En 1955, Ruth Ellis, une jeune femme de vingt-huit ans, fut
la dernière personne à être pendue sur décision de justice par l’Exécuteur en
chef du Royaume Uni, Albert Pierrepoint.
Tirant son matériau de cette histoire vraie ainsi que des
mémoires d’un bourreau flegmatique, calculant au centimètre près la bonne
longueur de corde pour que chacun des plus de 400 condamnés à mort (dont 200
criminels de guerre) dont il eut la charge mourût proprement et sans souffrir,
Didier Decoin nous livre un double récit poignant.
D’un côté, celui d’une pauvre fille, Ruth, violée à
répétition comme sa sœur aînée dès son enfance par un père aux allures
aristocratiques, violoniste sur un paquebot transatlantique. Une fille dont le
rapport aux hommes est à jamais dysfonctionnel, cherchant un alliage impossible
entre la recherche de la sécurité d’un père aimant, la poursuite du plaisir du
corps et l’attirance pour les éphèbes malsains. Une fille qui choisit, pourvue
d’un physique avantageux, de devenir une prostituée de luxe tout en recherchant
le grand amour qui la fait tomber sur ce que la gent masculine offre de
pire : un homme volage, violent, pervers, beau comme un dieu, pilote de
course, dépensier comme personne dont elle va tomber follement amoureuse avant
que de finir par l’assassiner, manipulée par un amant qu’elle n’aime pas mais
qui la finance, jaloux à en crever de l’autre qui fut, un temps, son meilleur
ami. Une histoire sordide où la classe ouvrière ne peut jouer que des instincts
les plus bas pour tenter de tirer parti de la classe bourgeoise ou dirigeante…

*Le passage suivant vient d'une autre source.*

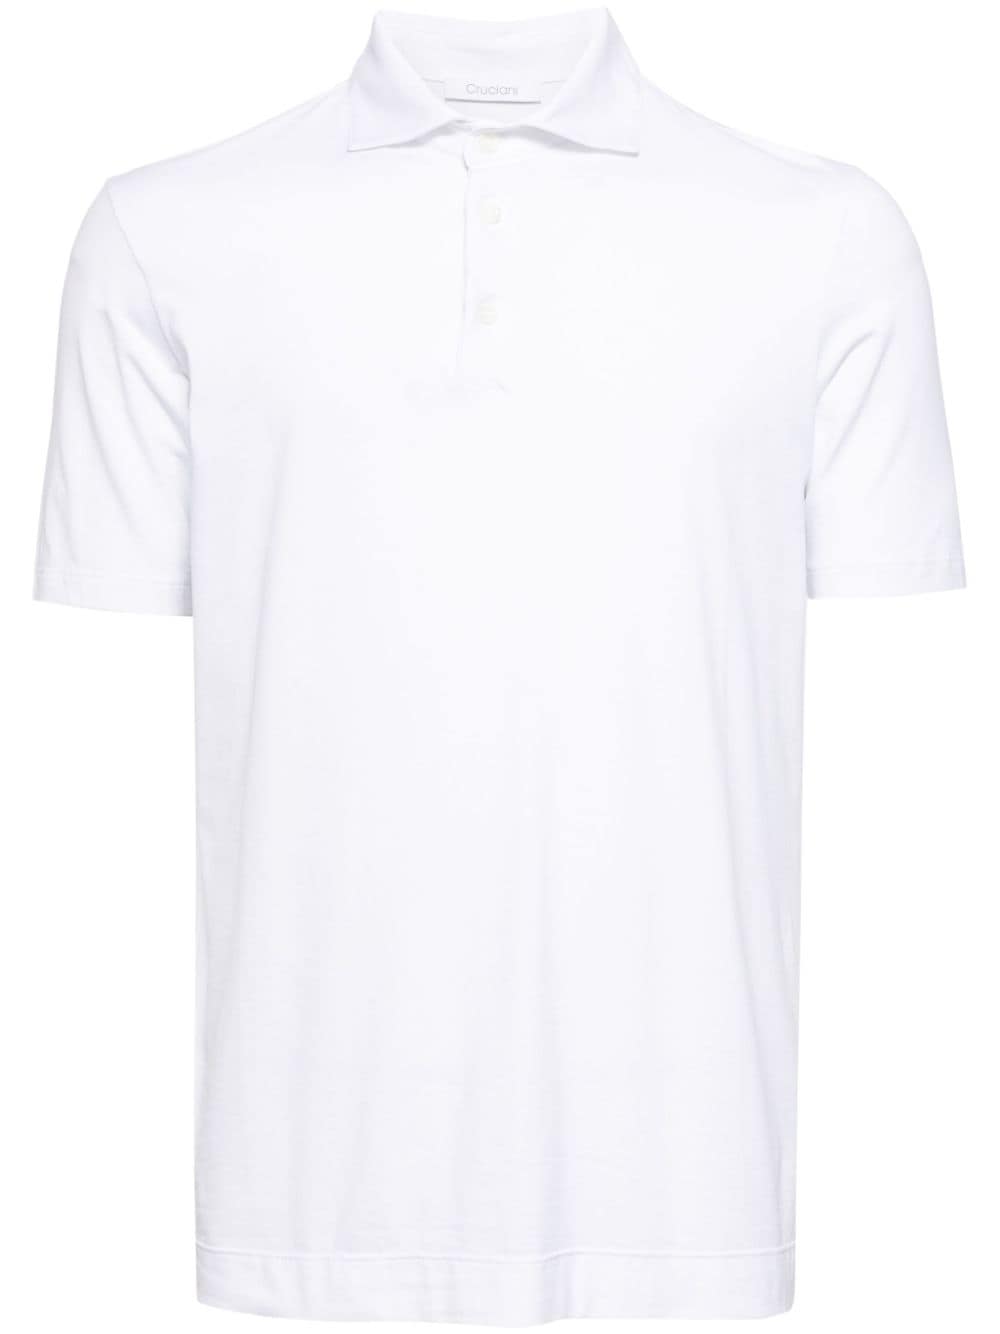 stretch-cotton polo shirt

De l’autre, celui d’un bourreau nommé par le Maréchal
Montgomery lui-même, fils et petit-fils de bourreau dont tout le paradoxe est de
réaliser sa tâche de manière irréprochable, d’exercer le métier d’aubergiste
sans jamais accepter de commenter la moindre exécution tout en désirant
profondément, depuis qu’il eut à pendre une criminelle nazie de vingt-deux ans
au regard troublant, ne plus avoir à pendre de femmes.
Didier Decoin met en balance, de façon fascinante, la façon
dont Ruth marche inexorablement vers son destin tandis que son futur bourreau
avance sur la voie du doute au point de se retirer à jamais après avoir expédié
la belle jeune femme, dont des dizaines de milliers de citoyens réclamaient la
grâce, ad patres.
Un beau livre amenant une fois de plus à réfléchir sur la
prédestination, la justice des hommes, le sens moral, les valeurs. Un livre
sobre et digne comme celles et ceux qui franchissent les derniers pas les menant
à la potence, quels que soient leurs crimes.